■ What is needed ■
Your answer must be an exact copy of the data below, minus any pictures.

*** Information supplied ***

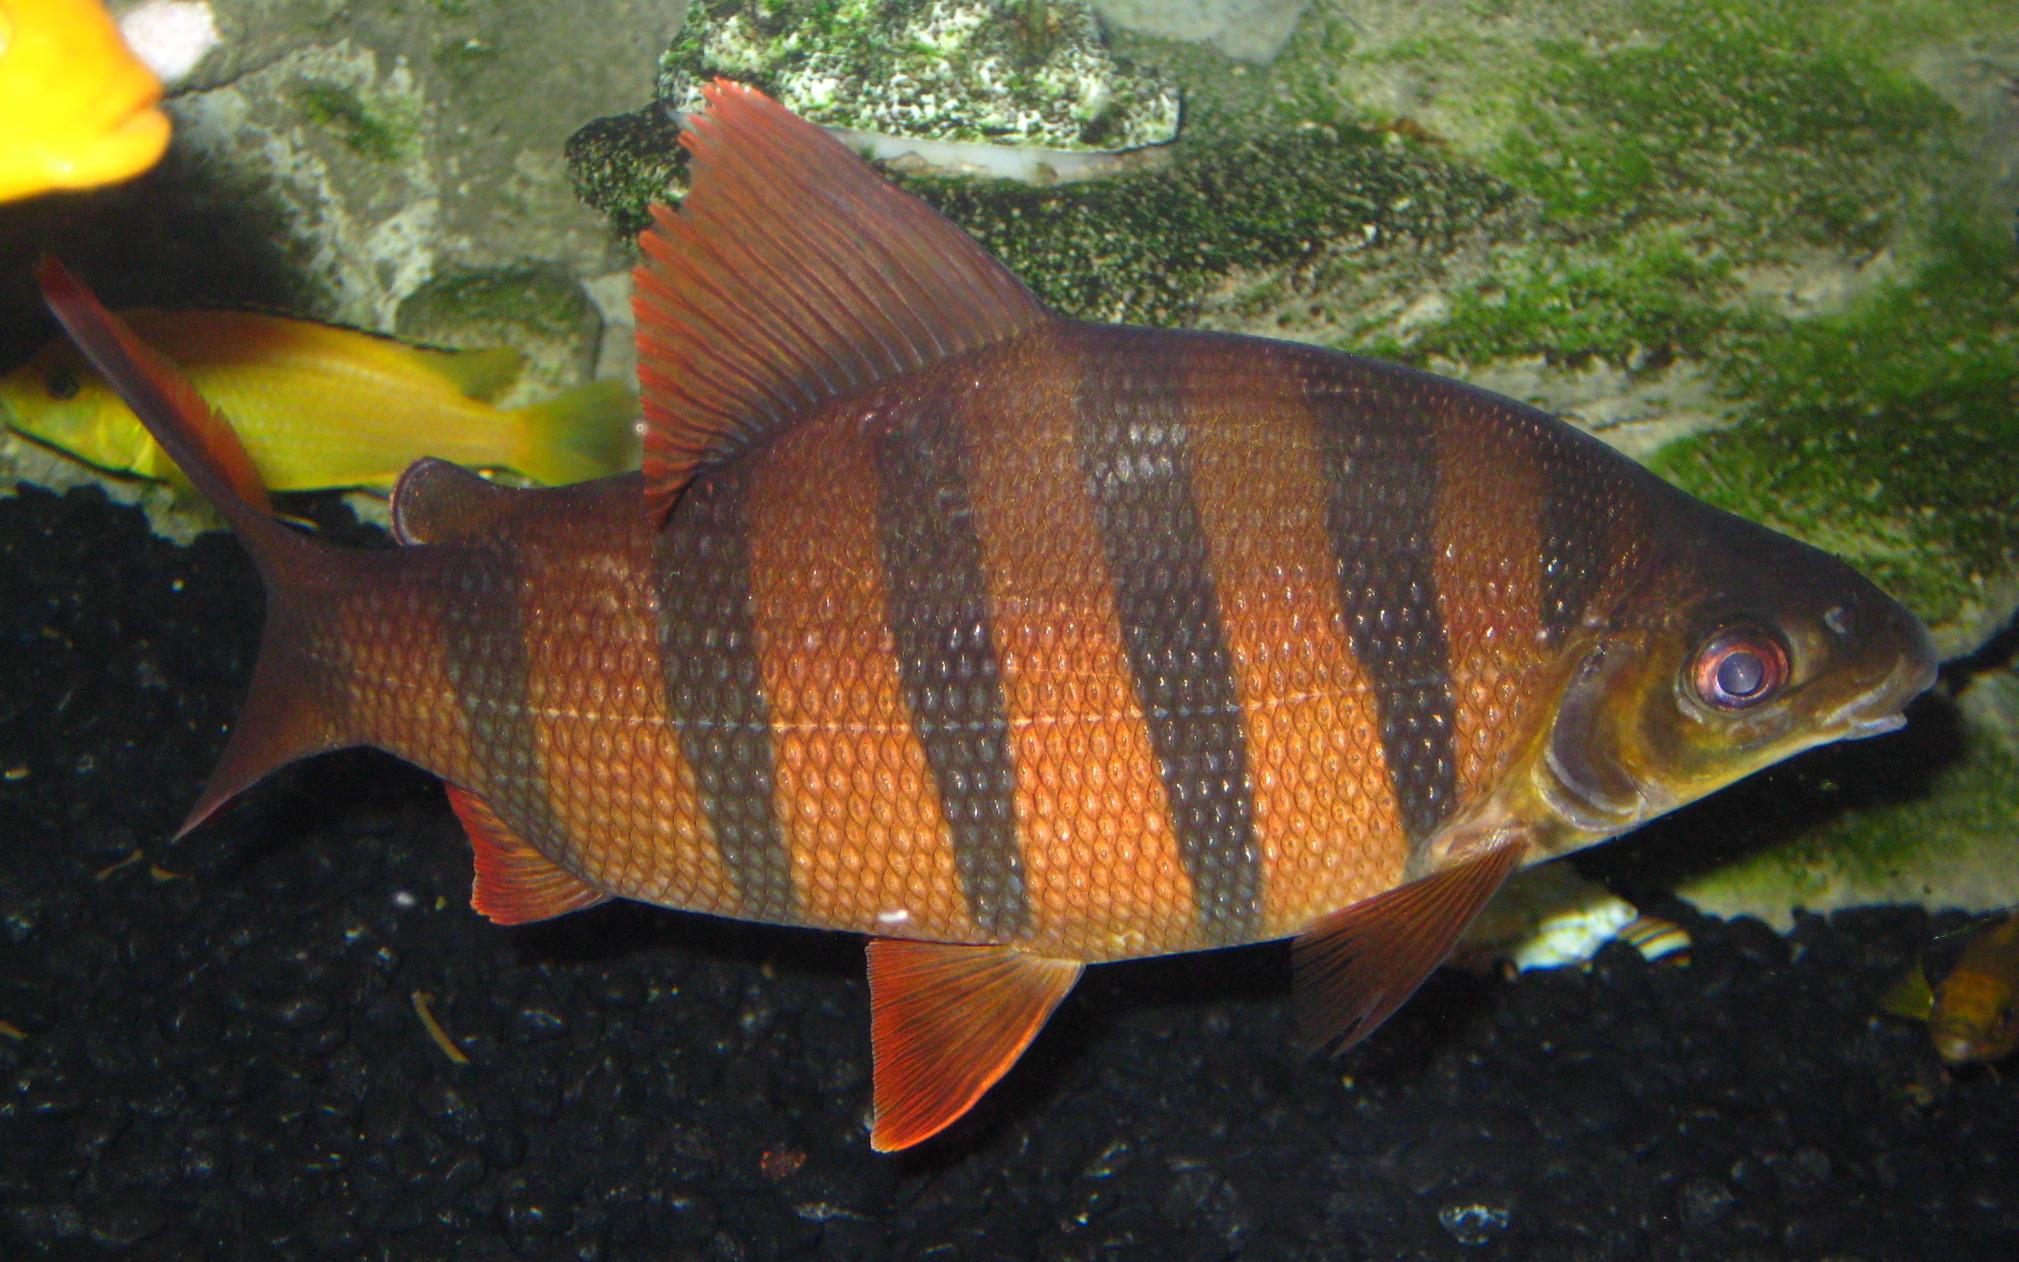 cichlids.com: distichodus Sexfasciatus
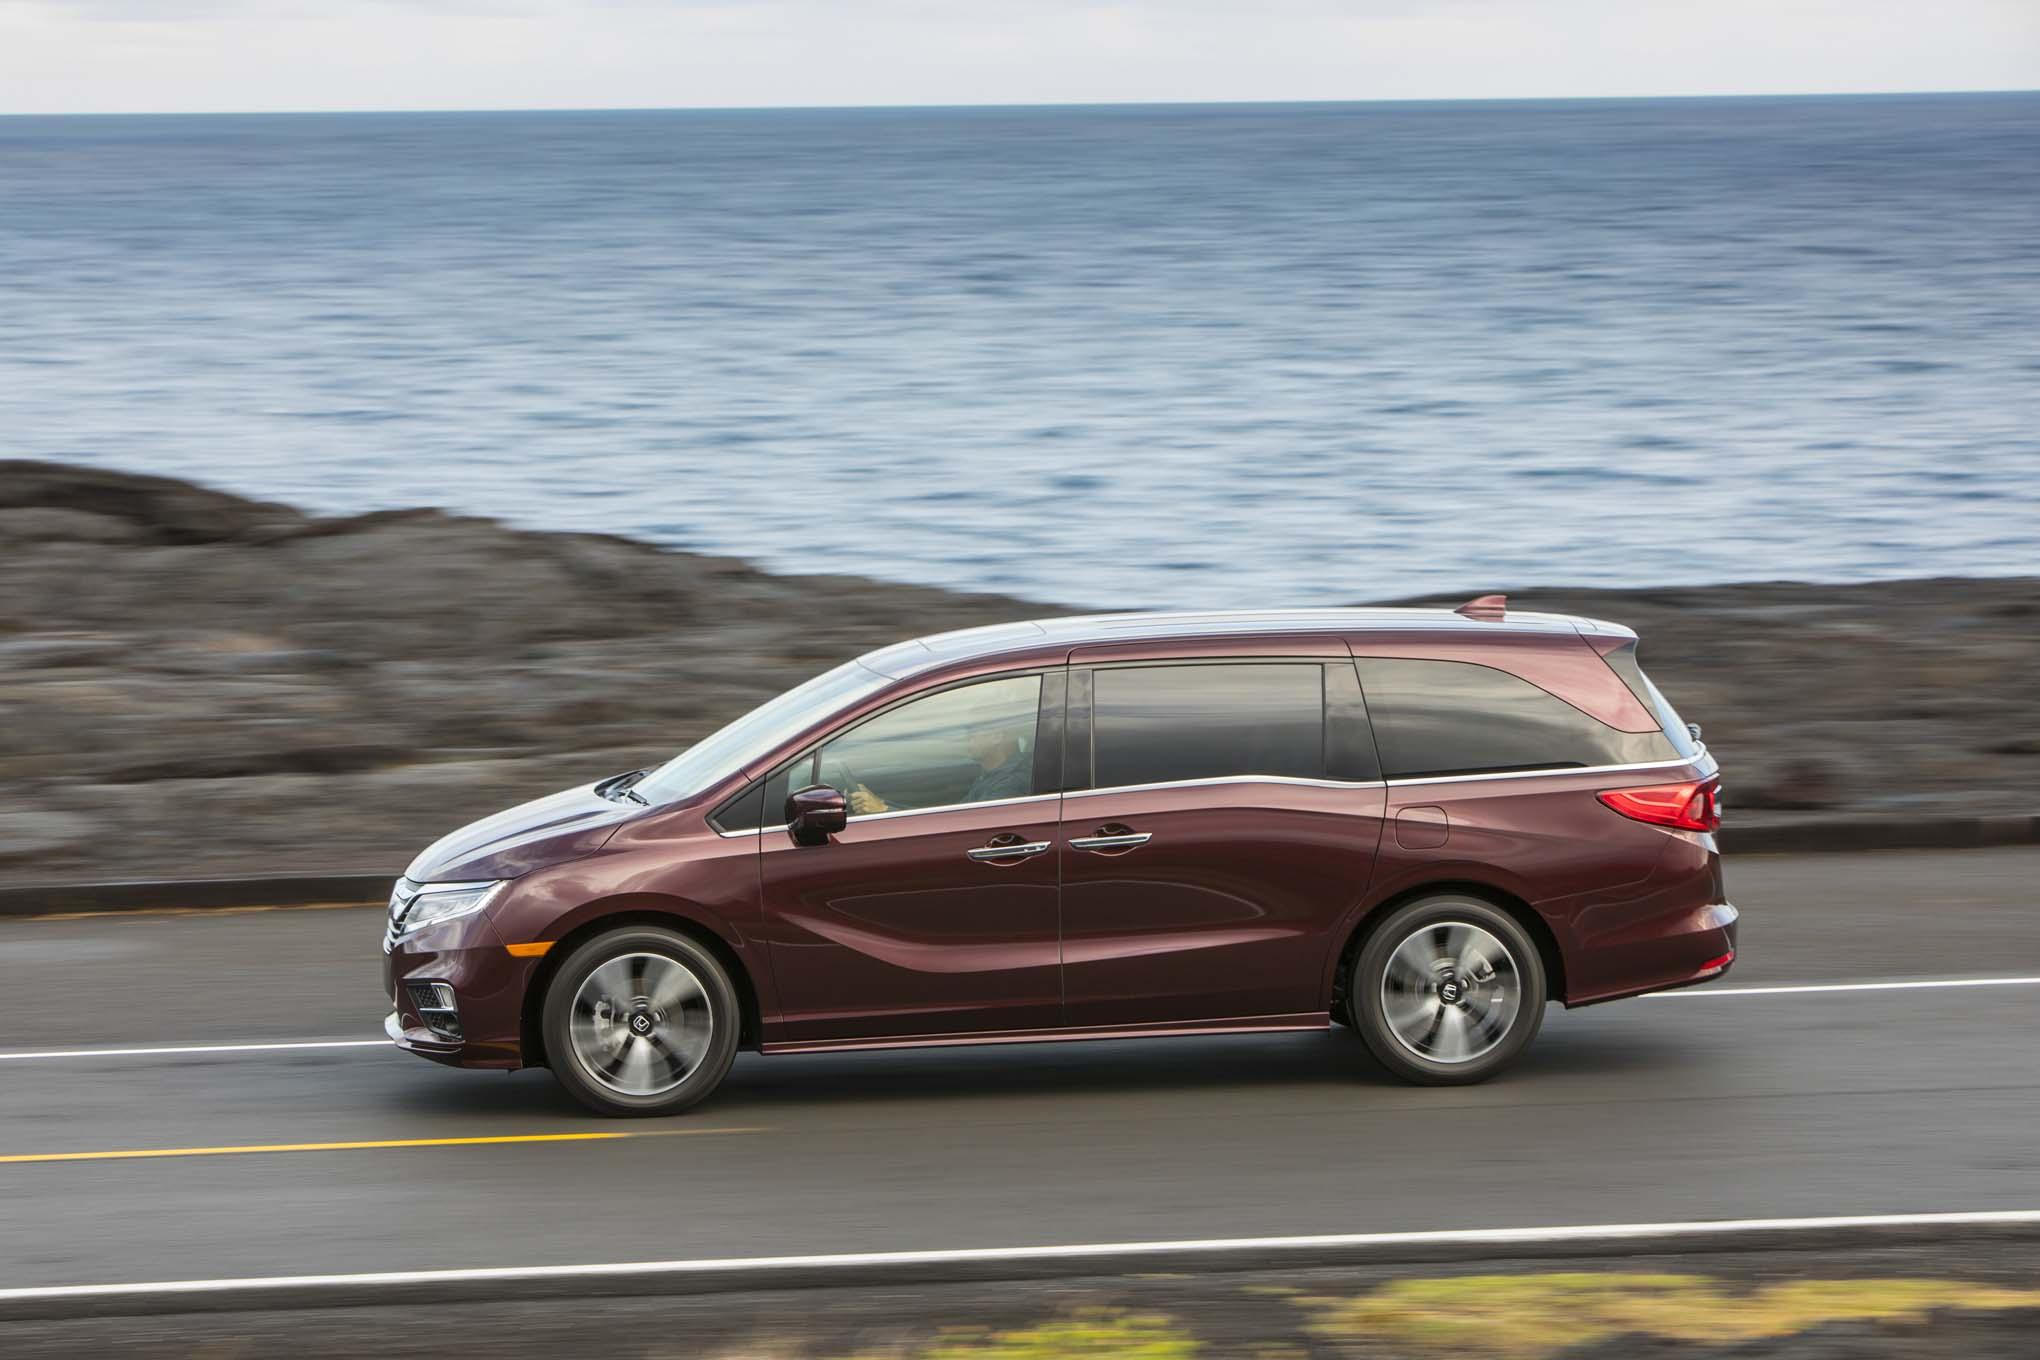 2018 Honda Odyssey Side In Motion 02
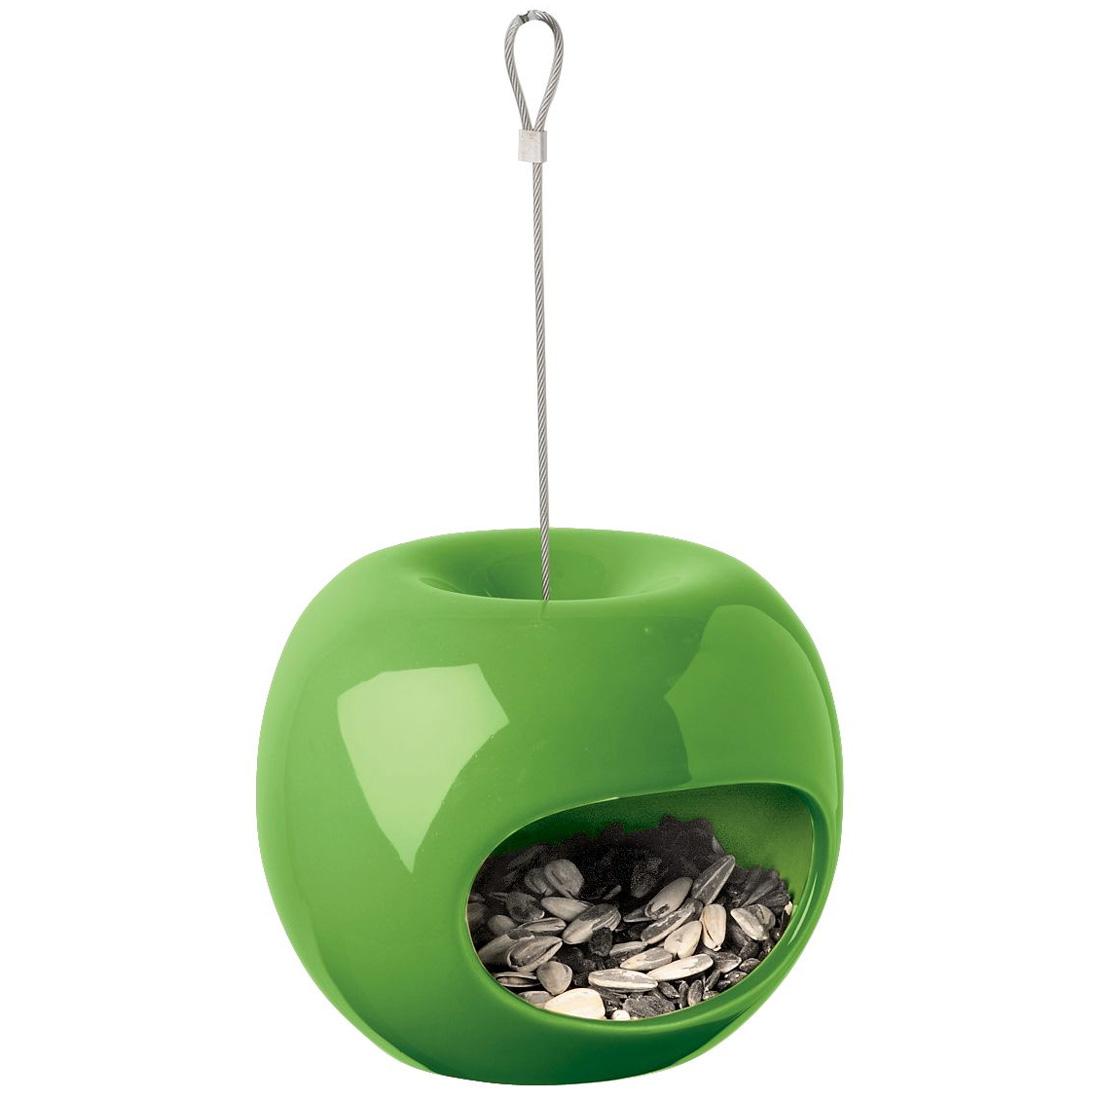 Apple Bird Feeders The Green Head
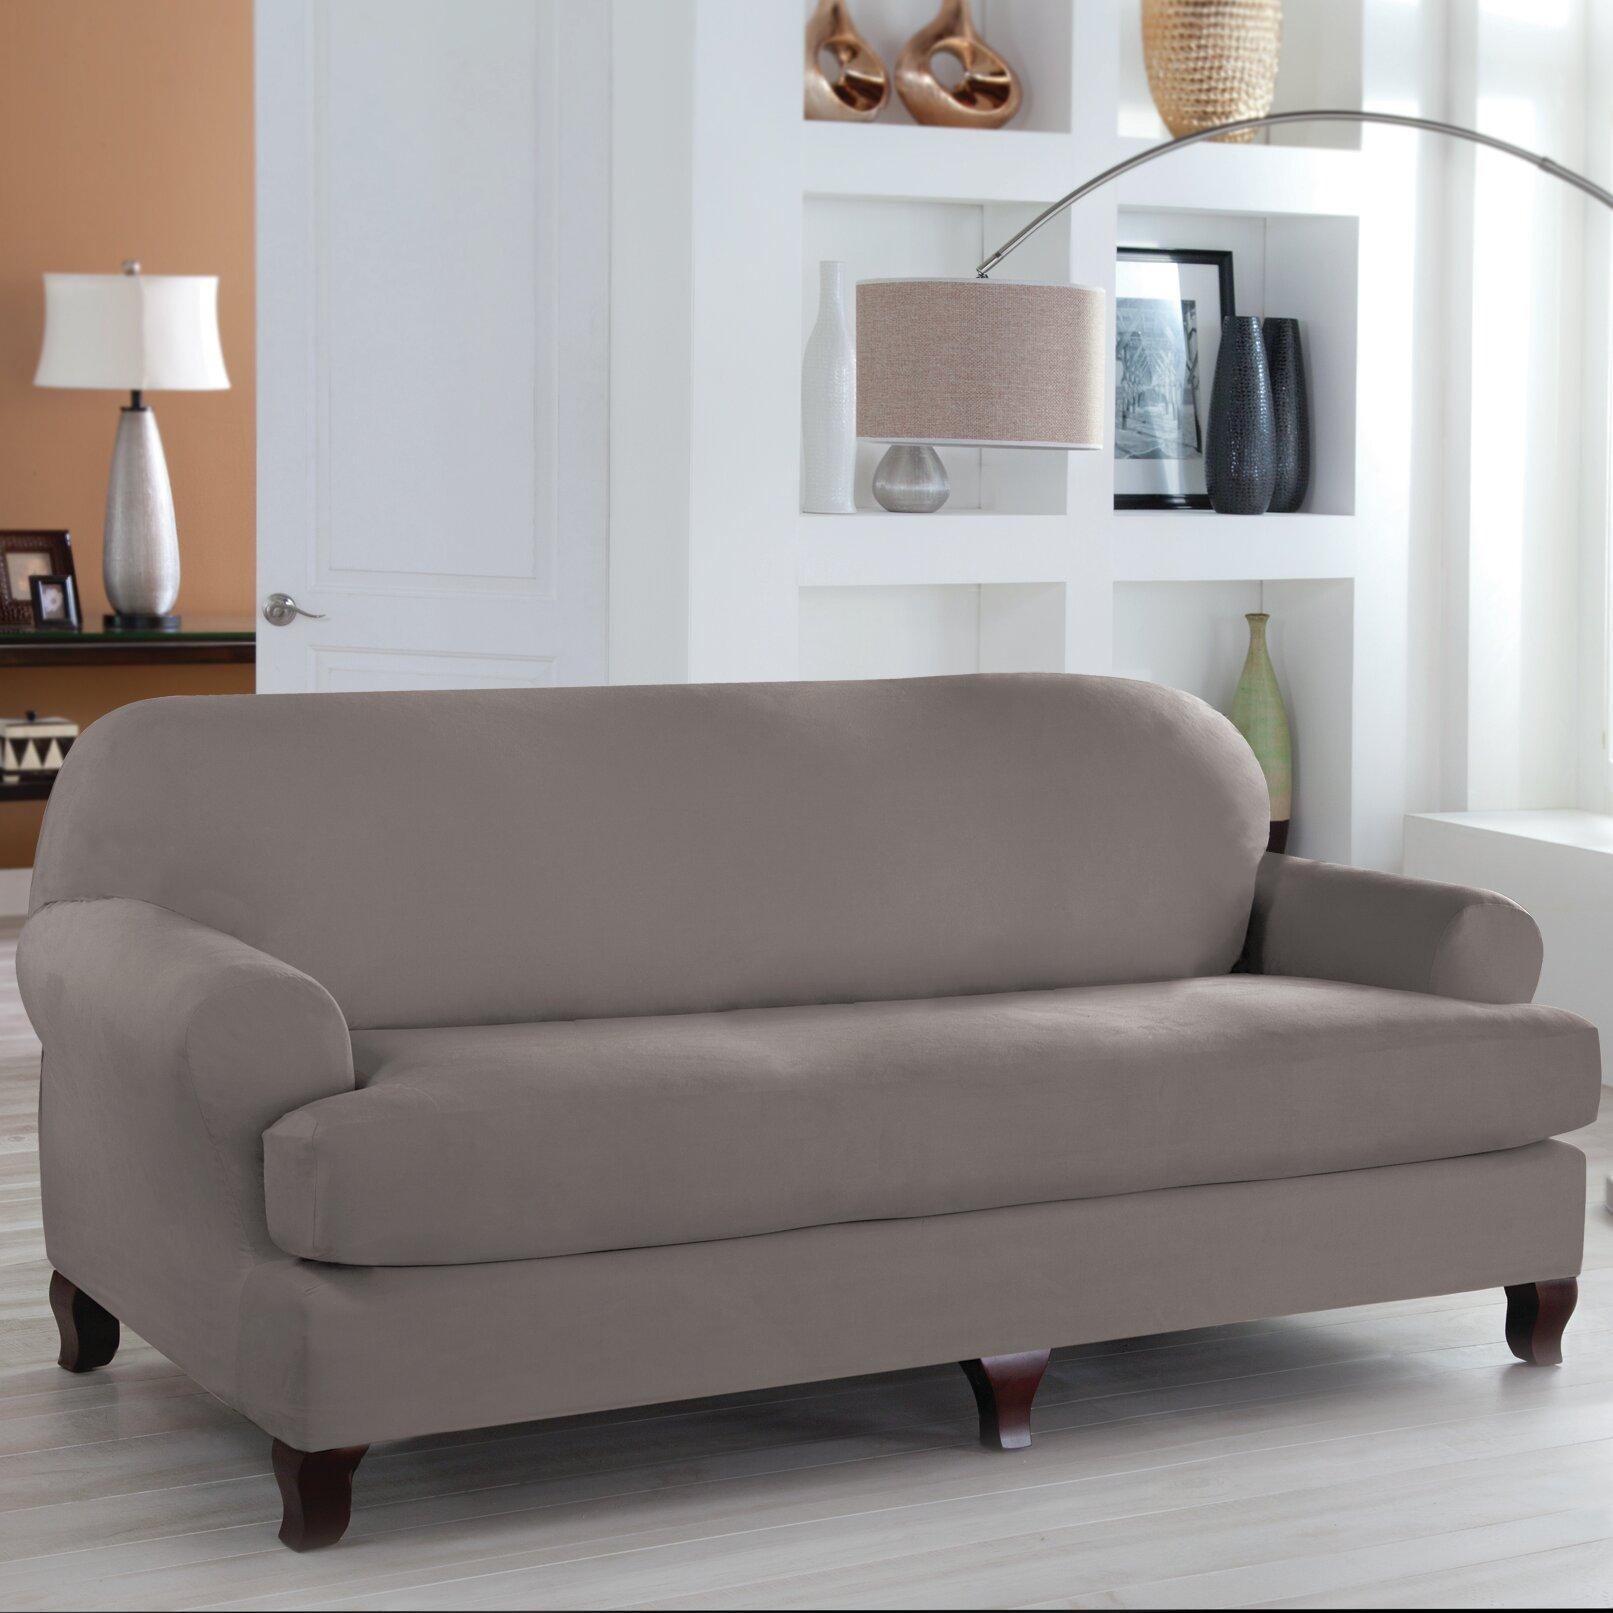 Serta Tailor Fit T-Cushion Sofa Slipcover & Reviews | Wayfair

*** End of Information supplied ***

■ Task response ■
 cichlids.com: distichodus Sexfasciatus
 2018 Honda Odyssey Side In Motion 02
 Apple Bird Feeders The Green Head
 Serta Tailor Fit T-Cushion Sofa Slipcover & Reviews | Wayfair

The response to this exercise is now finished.